Figure 4. Effects of AS IV on the gut microbiome diversity of GDM model rats. (A) The Venn diagram shows the unique and shared OTUs of four groups (n = 6). (B) Rarefaction curves to estimate the richness of the gut microbiota in four groups. The vertical axis showed the number of OTUs expected after sampling the number of sequences or tags shown on the horizontal axis. (C) Rank abundance curves of bacterial OTUs derived from the four groups. Abundance-based coverage estimator, Shannon index (D, F), and Simpson index (E). A two-way analysis of variance was conducted with a Bonferroni post hoc multiple comparison test. Data were shown as the mean ± SD. n = 6. *p < 0.05; **p < 0.01; and ***p-value ≤ 0.001.

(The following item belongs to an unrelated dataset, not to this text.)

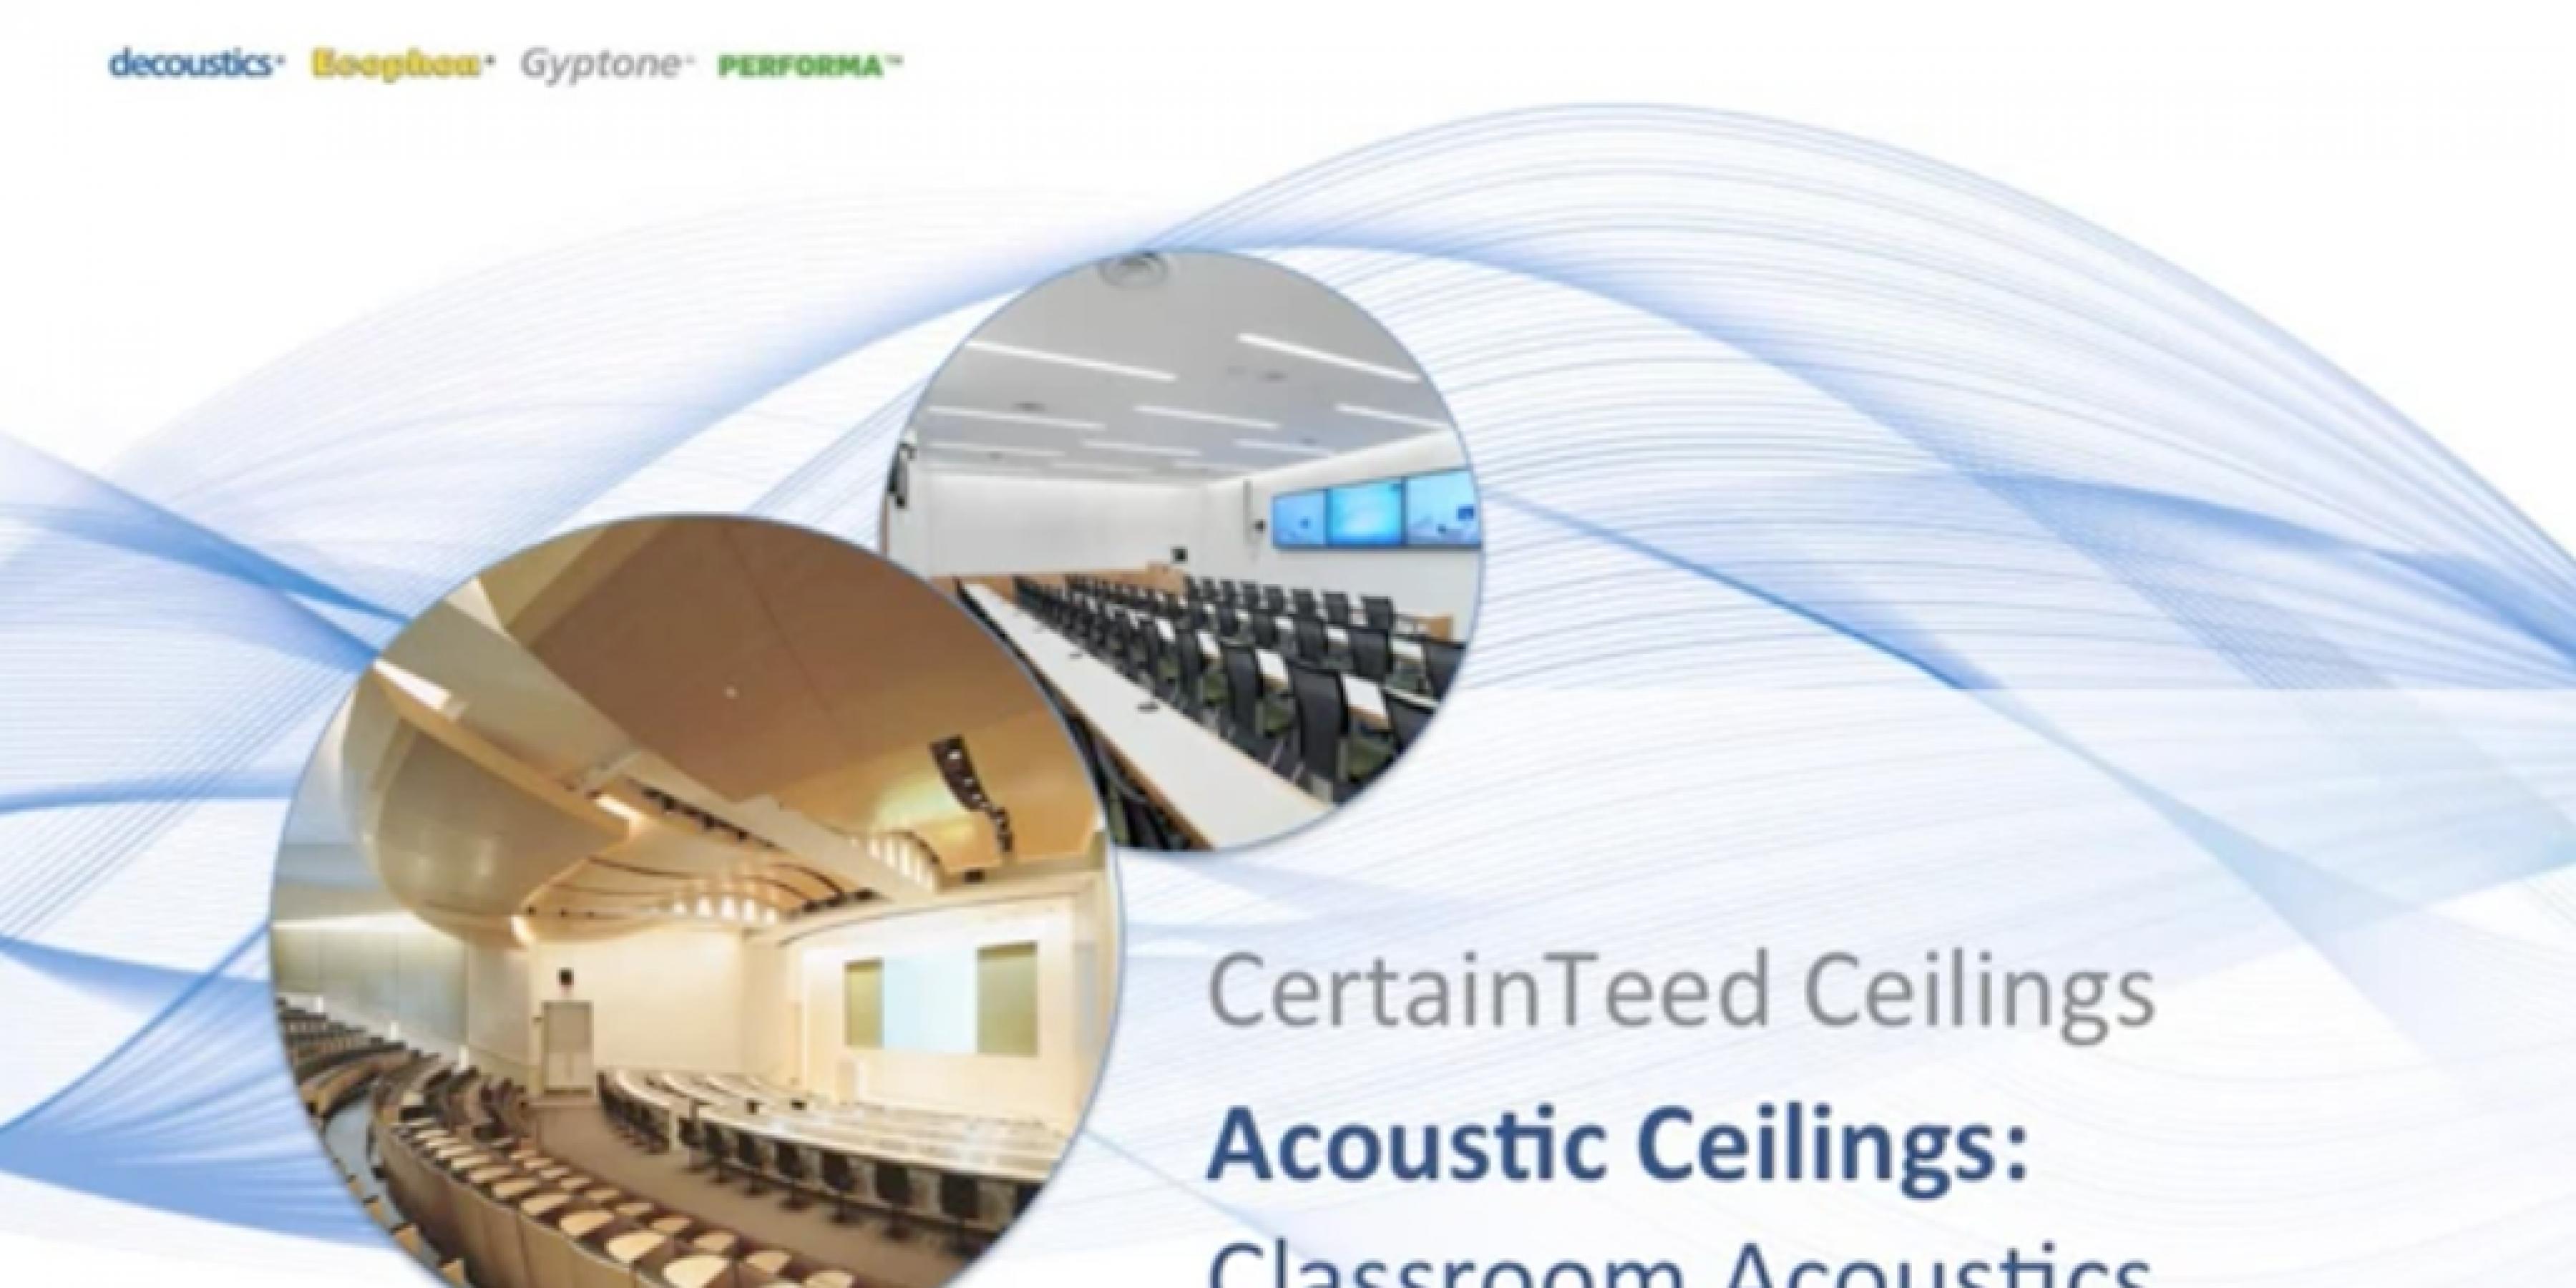 Classroom Acoustics Panel Discussion

3.6 Effects of AS IV on the microbiota composition and abundance in the gut in GDM rats

The top 10 phyla in the microbiota of the gut in the discovery set are shown in Figure 5A. In the GDM group of rats, Firmicutes (phylum level) were the most abundant. In addition, AS IV significantly reduced the abundance of Firmicutes in GDM model rats. In comparison with the control rats, the GDM rats exhibited dramatically high Proteobacteria abundance. However, AS IV administration significantly reduced the abundance of Proteobacteria in the rats from the GDM group (Figure 5A). Furthermore, compared to those of control rats, we observed reduced abundance of Bacteroidota, Euryarchaeota, Spirochaetota, unidentified_bacteria, Desulfobacterota, and Chlamydiae in the rats with GDM. In addition, the abundance of Bacteroidota, Euryarchaeota, Spirochaetota, unidentified_bacteria, Desulfobacterota, and Chlamydiae was increased upon AS IV treatment (Figure 5A).

Figure 5

Figure 5. Gut microbiome composition and abundance analysis. (A) Histogram of the top 10 phyla in four groups; (B) Histogram of the top 10 genera in four groups.

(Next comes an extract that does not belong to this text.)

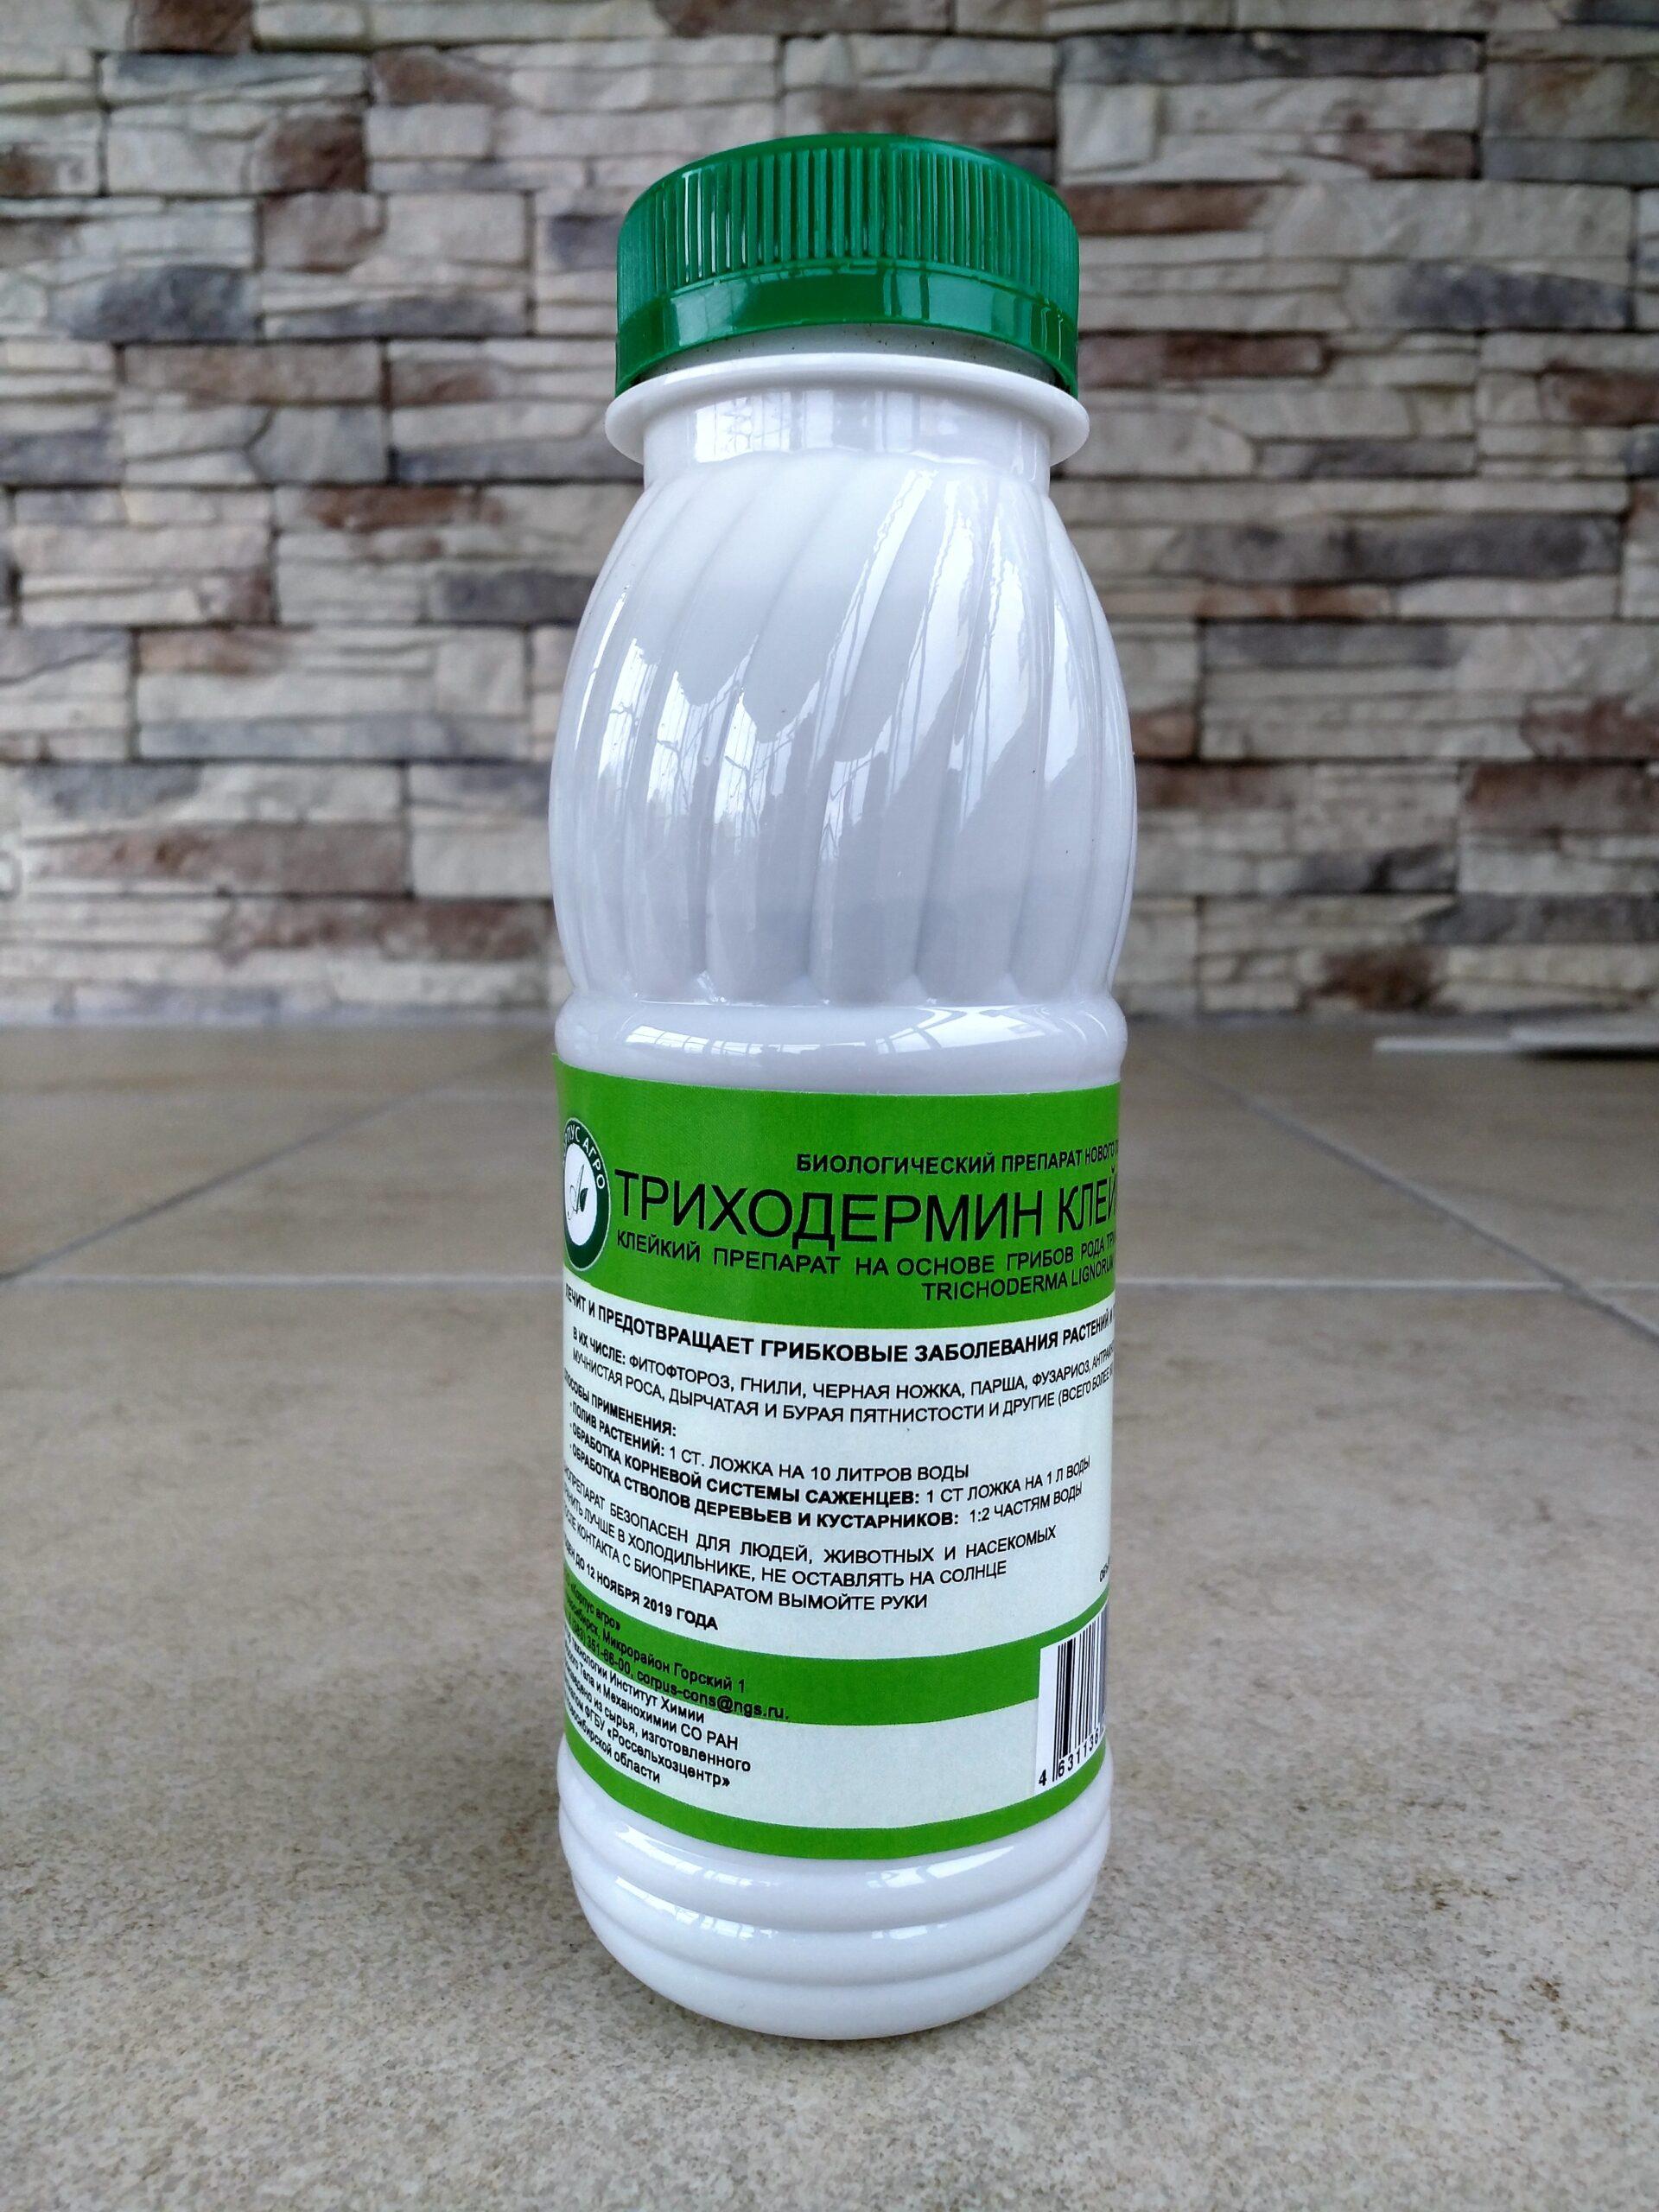 Триходермин 1 литр Image

Figure 5B shows the top 10 microbiota genera of the gut in the discovery set. In comparison with the control rats, the GDM rats exhibited markedly increased levels of Lactobacillus, Blautia, and Anaerobiospirillum (the genus level). The GDM model + AS IV group was found to have a lower abundance of Lactobacillus, Blautia, and Anaerobiospirillum than the GDM group (Figure 5B). In addition, the GDM model group showed a lower abundance of Methanobrevibacter, Treponema, Dubosiella, and Romboutsia than the control group. Furthermore, the abundance of Methanobrevibacter, Treponema, Dubosiella, and Romboutsia was increased upon AS IV treatment (Figure 5B).

3.7 Effect of AS IV on the functional prediction of the microbiota in the gut in GDM rats

In comparison with the GDM rats, the abundance of Dubosiella and Methanobrevibacter was significantly increased (Figure 6A). As shown in Figure 6B, the functional prediction of the microbiota in the gut was conducted using Tax4Fun software, and significant differences were observed in the functional abundance of 35 pathways at the KEGG pathway levels of 3. Thirteen metabolic pathways, including the metabolisms of cysteine, methionine, pyrimidine, amino sugar, nucleotide sugar, glycine, serine, threonine, galactose, pyruvate, purine, starch, and sucrose, were found (Figure 6B).

Figure 6

Figure 6. Analysis of significantly different microbes in the gut microbiome. (A) Significantly different microbes; LDA score means the linear discriminant analysis score; (B) heat map of Spearman’s rank correlations between differential genera (level 3).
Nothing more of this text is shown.